Evelio Droz

Personal information
- Born: May 10, 1937 San Juan, Puerto Rico
- Died: July 26, 2025 (aged 88)
- Listed height: 6 ft 3 in (1.91 m)
- Listed weight: 176 lb (80 kg)

Career information
- Playing career: 1957–1970
- Position: Forward

Career history
- 1957–1970: Vaqueros de Bayamón

= Evelio Droz =

Puerto Rican basketball player (1937–2025)

Evelio Droz Ramos (/es/; May 10, 1937 – July 26, 2025) was a Puerto Rican basketball player. He played 14 seasons in the Baloncesto Superior Nacional (BSN) for the Vaqueros de Bayamón, helping the team win two championships. As a member of the Puerto Rico men's national basketball team, he competed at the 1960 Summer Olympics and the 1964 Summer Olympics, also winning medals at the 1959 and 1966 Central American and Caribbean Games, as well as the 1959 and 1963 Pan American Games.

==Biography==
Droz was born on May 10, 1937, in San Juan, Puerto Rico. He grew up in the town of Barranquitas. Standing at 6 ft 3 in and weighing 176 lb, he played basketball as a forward and was known for his rebounding and scoring abilities. He was nicknamed "El Potro" (The Colt) and played in Puerto Rico for the Vaqueros de Bayamón in the Baloncesto Superior Nacional (BSN), the first-tier league in the country. Droz spent his entire 14-season professional basketball playing career, which spanned from 1957 to 1970, with the Vaqueros.

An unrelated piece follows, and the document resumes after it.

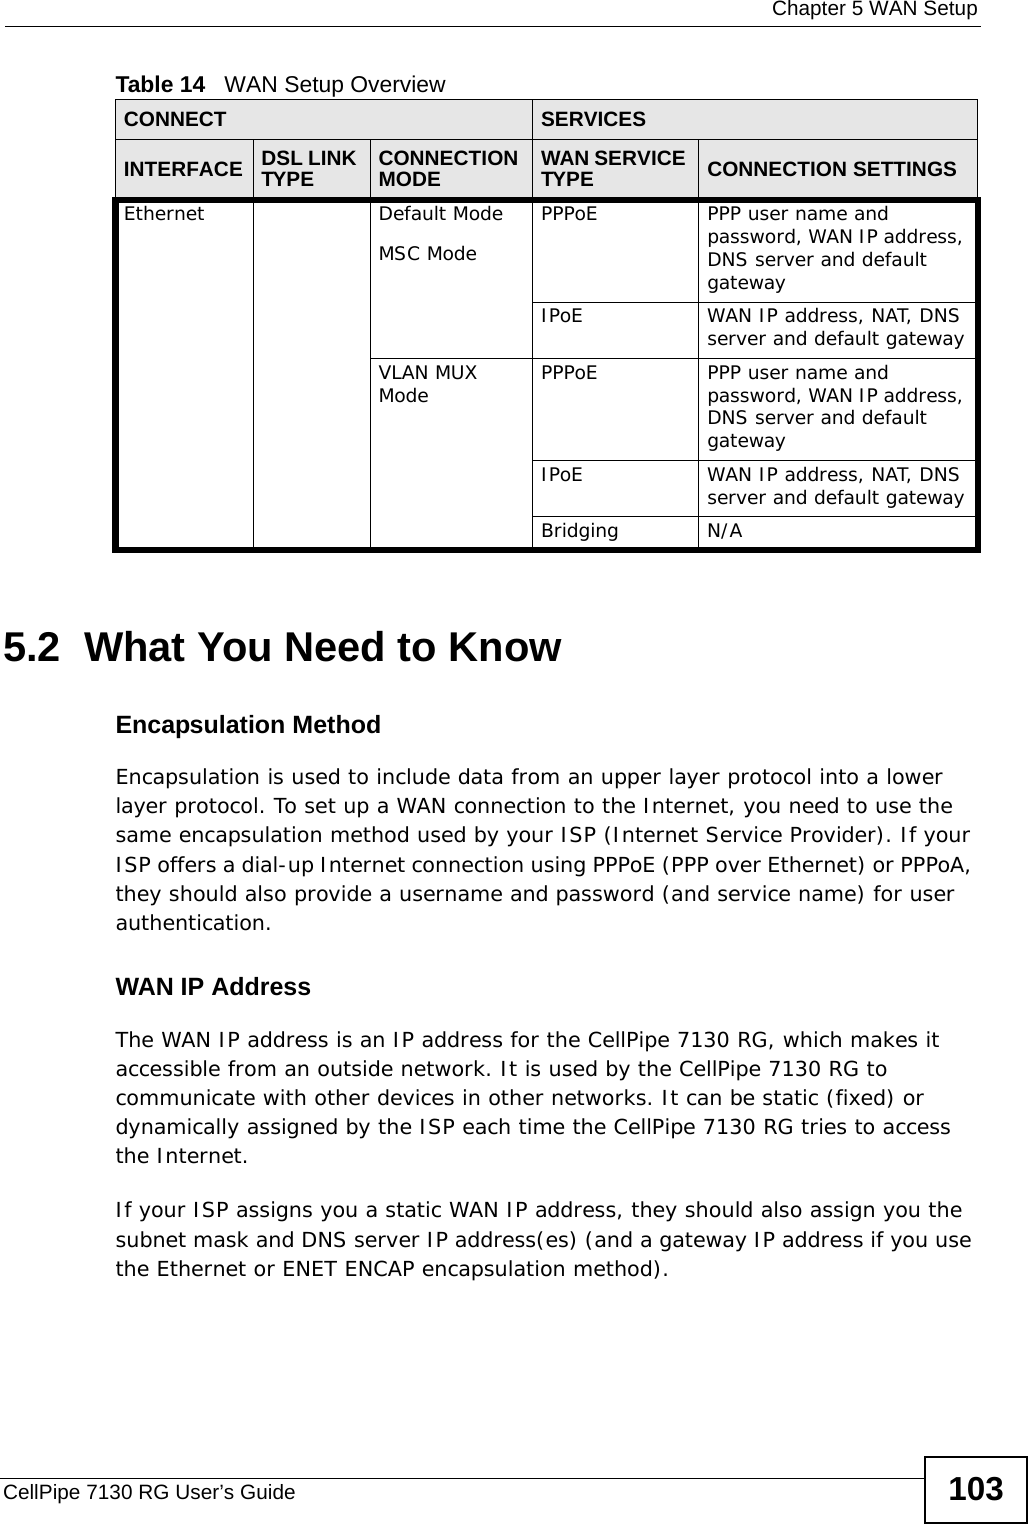  Chapter 5 WAN SetupCellPipe 7130 RG User’s Guide 1035.2  What You Need to KnowEncapsulation MethodEncapsulation is used to include data from an upper layer protocol into a lower layer protocol. To set up a WAN connection to the Internet, you need to use the same encapsulation method used by your ISP (Internet Service Provider). If your ISP offers a dial-up Internet connection using PPPoE (PPP over Ethernet) or PPPoA, they should also provide a username and password (and service name) for user authentication.WAN IP AddressThe WAN IP address is an IP address for the CellPipe 7130 RG, which makes it accessible from an outside network. It is used by the CellPipe 7130 RG to communicate with other devices in other networks. It can be static (fixed) or dynamically assigned by the ISP each time the CellPipe 7130 RG tries to access the Internet.If your ISP assigns you a static WAN IP address, they should also assign you the subnet mask and DNS server IP address(es) (and a gateway IP address if you use the Ethernet or ENET ENCAP encapsulation method).Ethernet Default ModeMSC ModePPPoE PPP user name and password, WAN IP address, DNS server and default gatewayIPoE WAN IP address, NAT, DNS server and default gatewayVLAN MUX Mode PPPoE PPP user name and password, WAN IP address, DNS server and default gatewayIPoE WAN IP address, NAT, DNS server and default gatewayBridging N/ATable 14   WAN Setup Overview CONNECT SERVICESINTERFACE DSL LINK TYPE CONNECTION MODE WAN SERVICE TYPE CONNECTION SETTINGS

Droz led the league in scoring during the 1959 season with 409 points in 21 games, an average of 19.5 per game. He had one of the best games of his career in 1960 against the Piratas de Quebradillas, recording 44 points. He was considered one of the team's "pillars" during the 1960s, where they began a streak of eight finals appearances in nine seasons from 1967 to 1975. He was a key player on the 1967 and 1969 BSN championship teams and in his final season, 1970, he reached a third league finals, losing to the Piratas. In his professional career, Droz appeared in 260 games and scored 3,987 points, averaging 14.8 points per game. He also averaged 2.9 rebounds over his career.

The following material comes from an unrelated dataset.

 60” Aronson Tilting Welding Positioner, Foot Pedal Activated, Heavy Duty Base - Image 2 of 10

Droz played several years with the Puerto Rico men's national basketball team, making up "part of the heart of the team" according to Paquito Rodríguez, director of the Puerto Rican Basketball Federation. He was part of a team that won the bronze medal at the 1959 Central American and Caribbean Games in Caracas, Venezuela, then won silver at the 1959 Pan American Games in Chicago. The following year, he was selected to represent Puerto Rico in basketball at the 1960 Summer Olympics in Rome, the first time Puerto Rico competed in basketball at the Olympics. At the Olympics, the team finished 13th. In 1963, Droz competed at the FIBA World Championship and won the bronze medal at the 1963 Pan American Games in São Paulo. He returned to the Olympics in 1964 in Tokyo, helping his team finish fourth. Two years later, he contributed to the gold-medal winning team at the 1966 Central American and Caribbean Games, held in San Juan.

After his playing career, Droz served on the board of directors for the Puerto Rican Basketball Federation. He was inducted into the Puerto Rican Sports Hall of Fame in 1997. He died on July 26, 2025, at the age of 88.